TASK TO CARRY OUT:
An exact repetition of the data below, without images, is the expected answer.

DATA PROVIDED:
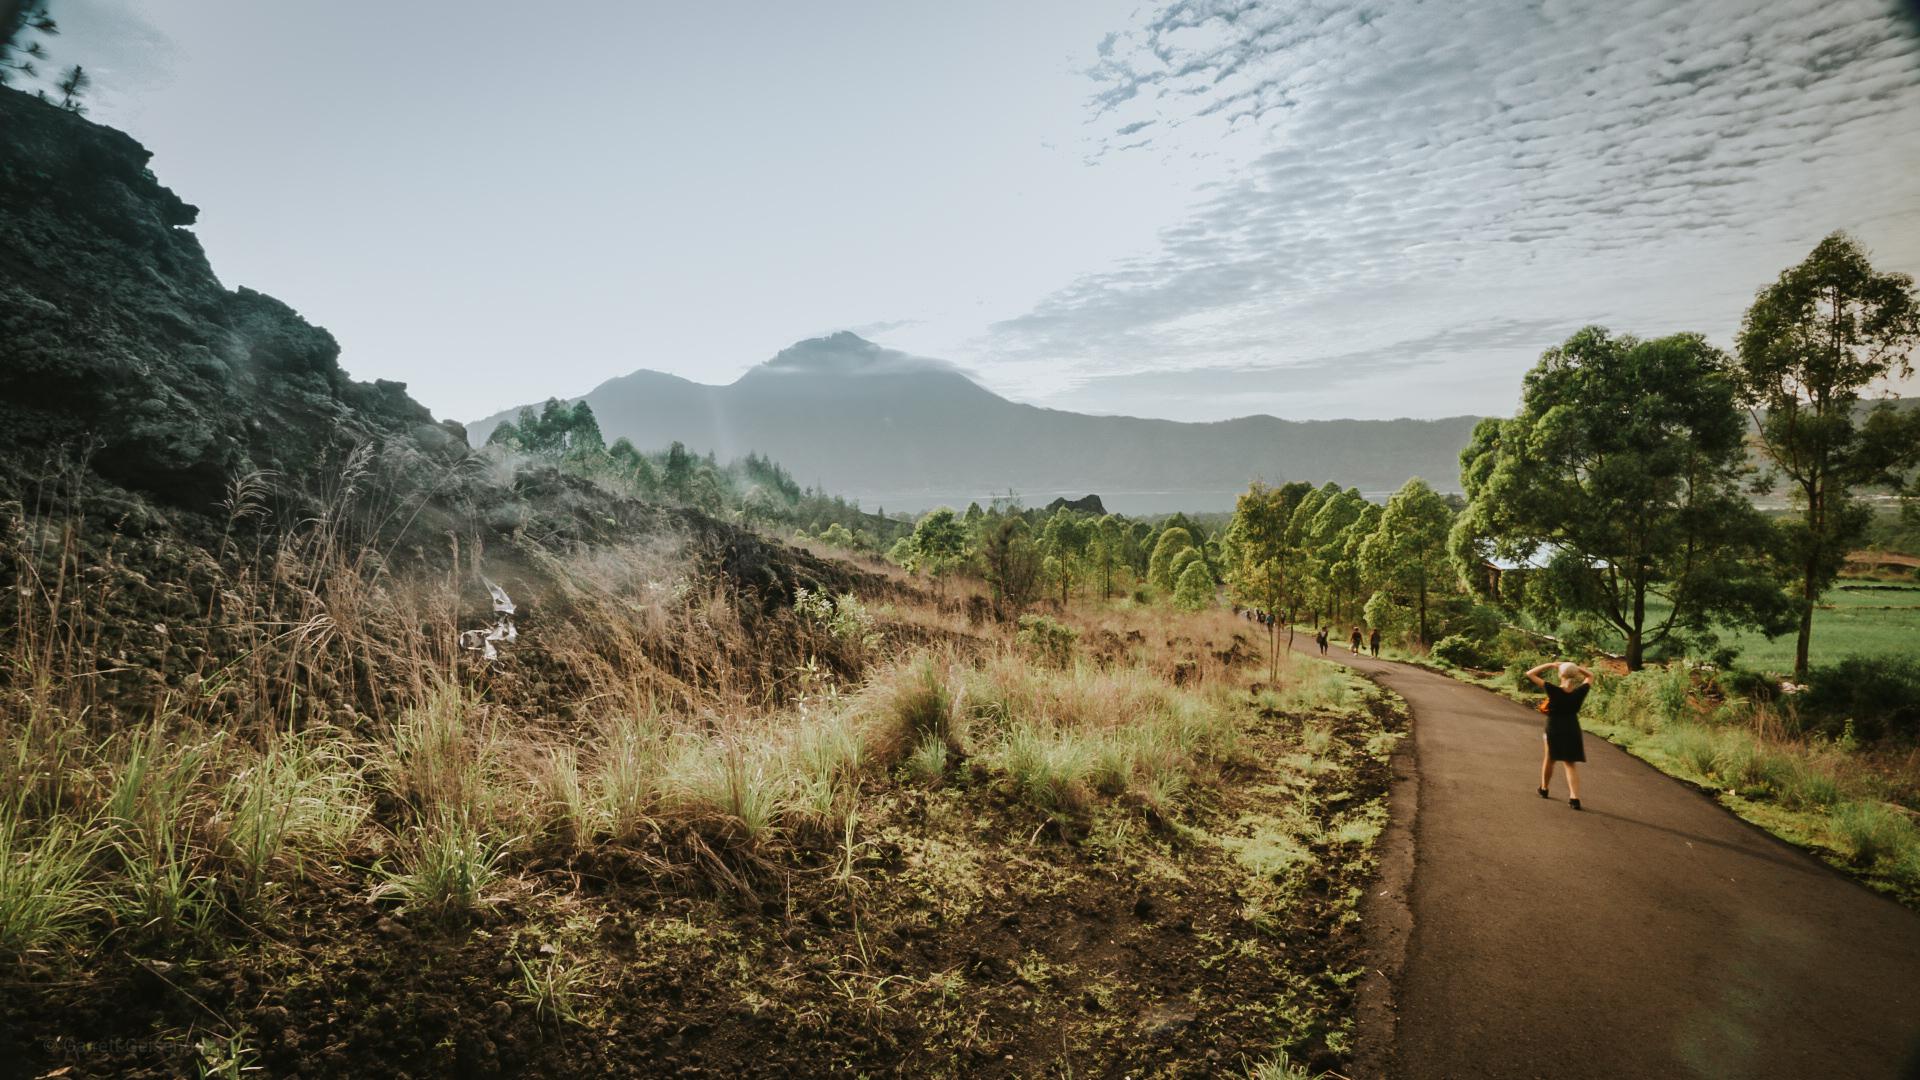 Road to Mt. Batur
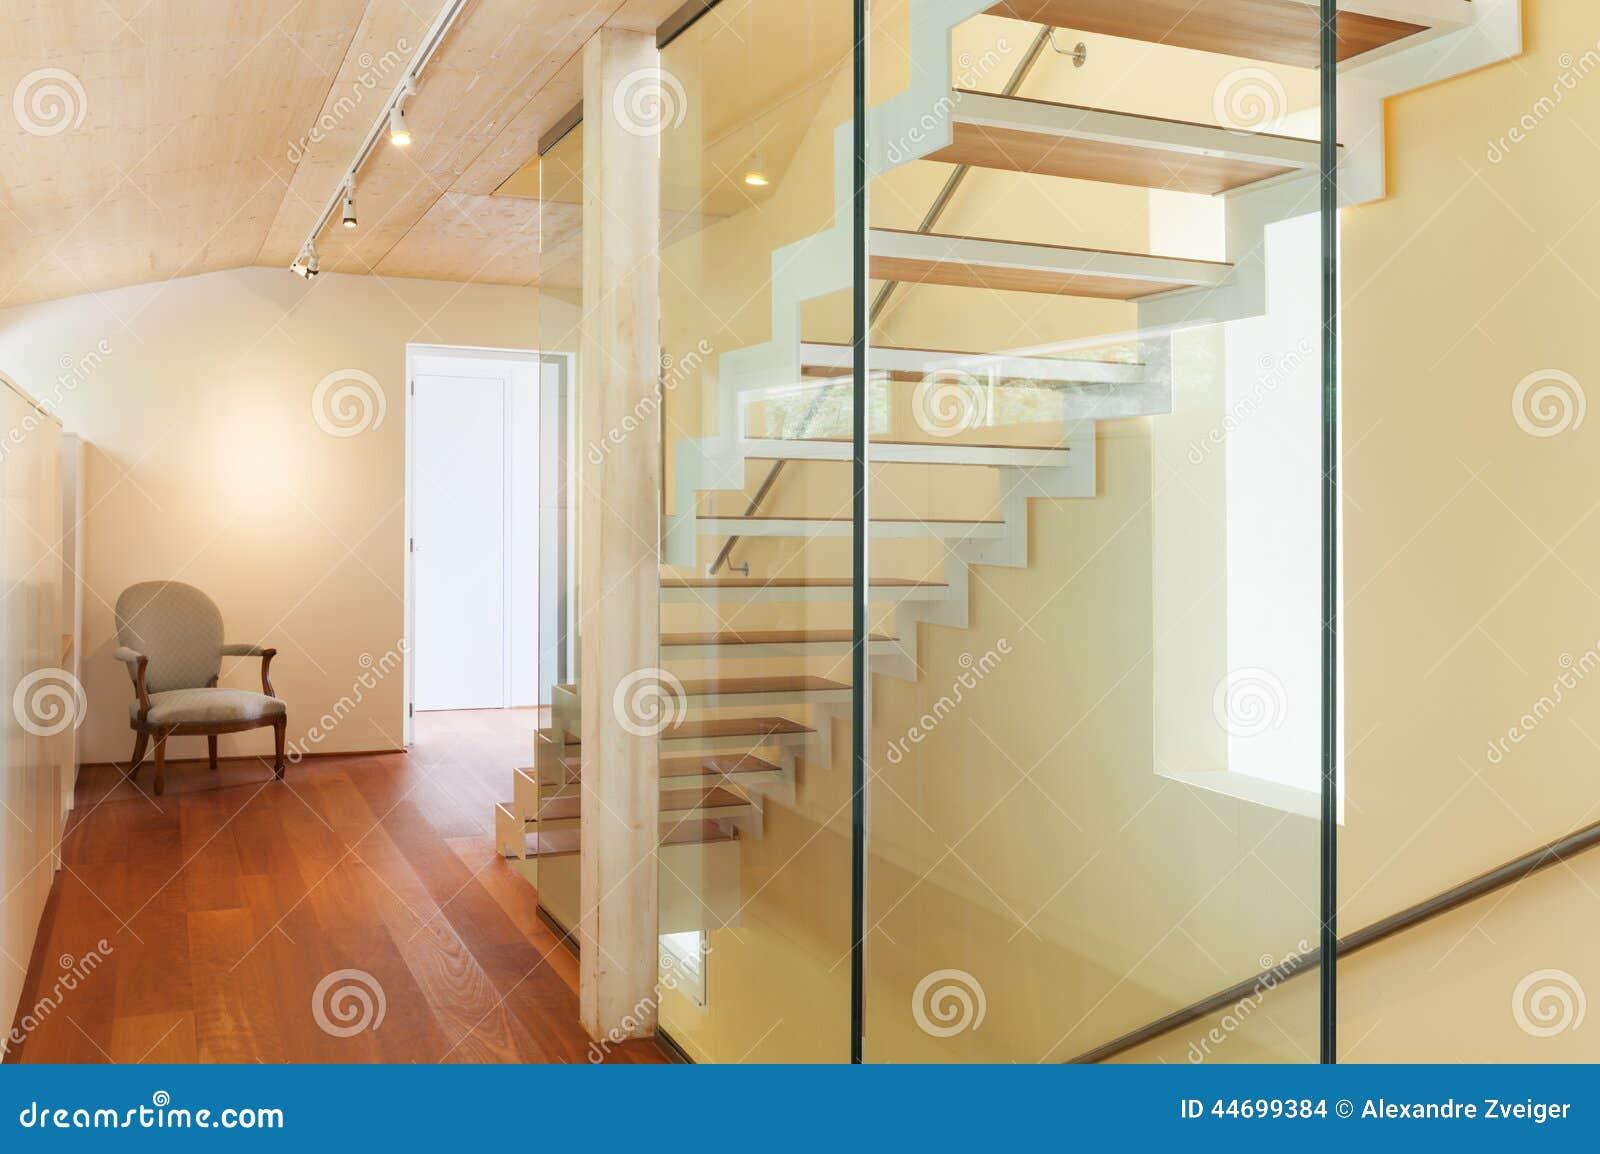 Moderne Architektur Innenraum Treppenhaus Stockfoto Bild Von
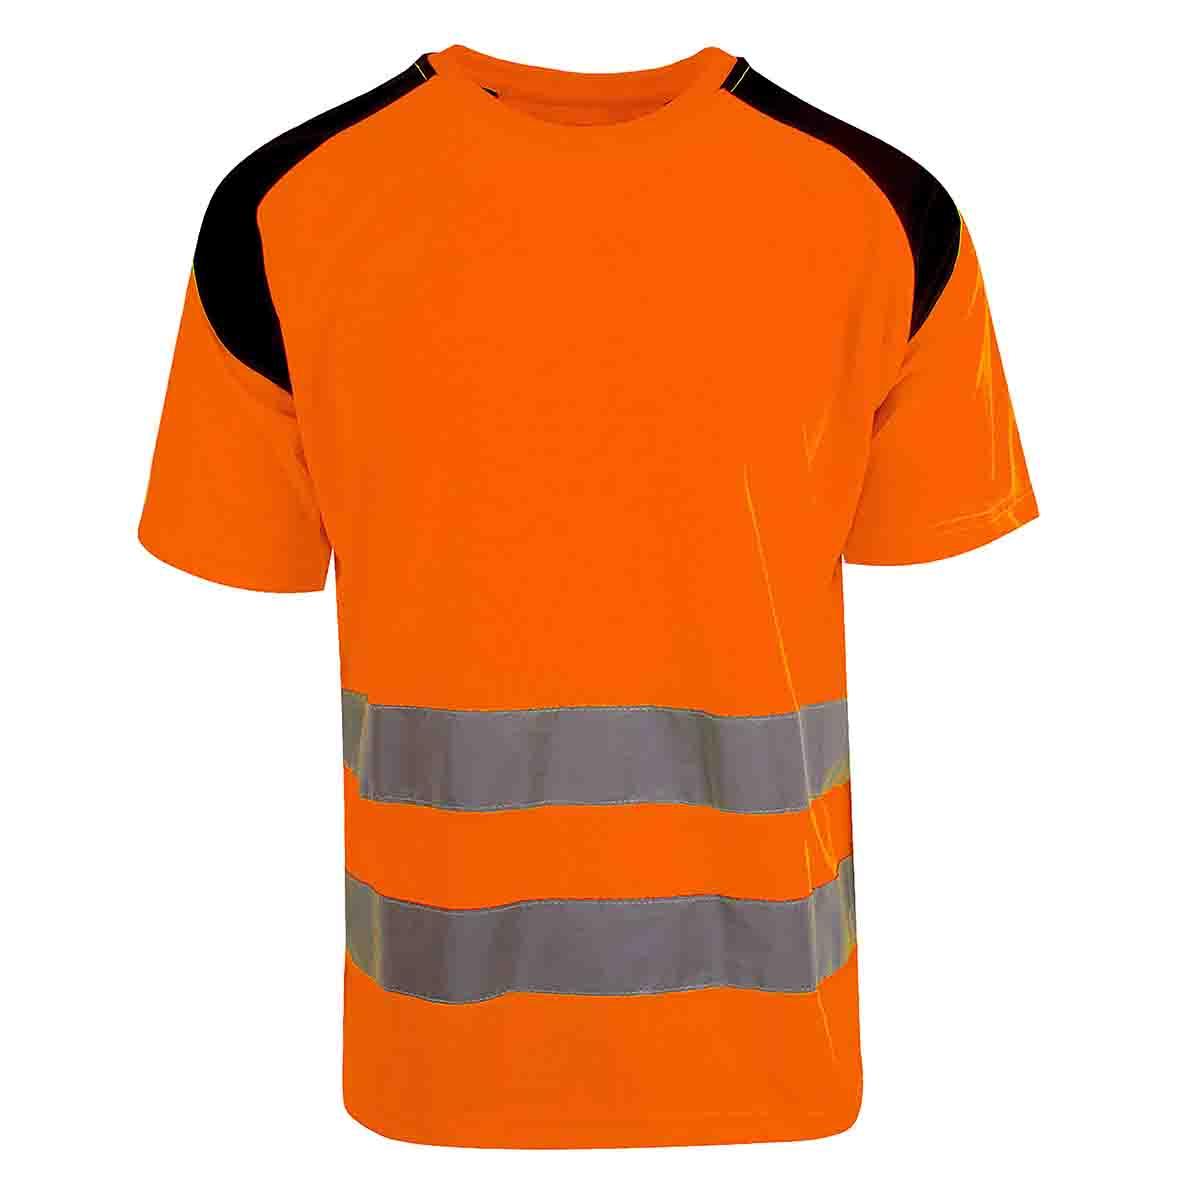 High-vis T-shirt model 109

WRITTEN SOLUTION:
 Road to Mt. Batur
 Moderne Architektur Innenraum Treppenhaus Stockfoto Bild Von
 High-vis T-shirt model 109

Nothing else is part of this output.